*What to do*. When a line of the records contains "Skirt", copy it.

Data items
▼
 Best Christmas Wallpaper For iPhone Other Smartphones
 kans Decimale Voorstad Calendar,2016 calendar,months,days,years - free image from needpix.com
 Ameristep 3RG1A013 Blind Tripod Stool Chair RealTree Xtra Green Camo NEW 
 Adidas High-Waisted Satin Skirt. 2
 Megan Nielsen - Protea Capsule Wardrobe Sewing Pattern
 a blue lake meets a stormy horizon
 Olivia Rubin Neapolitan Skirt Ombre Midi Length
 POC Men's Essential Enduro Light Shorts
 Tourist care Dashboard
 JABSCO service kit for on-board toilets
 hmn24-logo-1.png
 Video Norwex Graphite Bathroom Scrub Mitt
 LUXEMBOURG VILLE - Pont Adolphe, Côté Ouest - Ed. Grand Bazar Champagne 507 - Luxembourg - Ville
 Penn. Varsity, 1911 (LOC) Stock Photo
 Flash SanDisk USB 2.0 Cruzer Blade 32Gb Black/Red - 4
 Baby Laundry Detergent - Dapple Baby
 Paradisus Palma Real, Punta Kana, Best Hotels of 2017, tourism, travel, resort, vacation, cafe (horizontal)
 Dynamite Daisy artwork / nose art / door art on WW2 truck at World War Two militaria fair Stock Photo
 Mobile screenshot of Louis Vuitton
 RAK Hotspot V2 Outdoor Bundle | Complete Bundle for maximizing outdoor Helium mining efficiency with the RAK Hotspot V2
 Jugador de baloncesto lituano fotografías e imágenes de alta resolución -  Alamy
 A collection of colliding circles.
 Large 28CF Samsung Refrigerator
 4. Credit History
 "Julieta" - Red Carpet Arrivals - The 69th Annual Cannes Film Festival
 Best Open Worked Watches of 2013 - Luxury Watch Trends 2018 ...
▲
*Problem solution*.
 Adidas High-Waisted Satin Skirt. 2
 Olivia Rubin Neapolitan Skirt Ombre Midi Length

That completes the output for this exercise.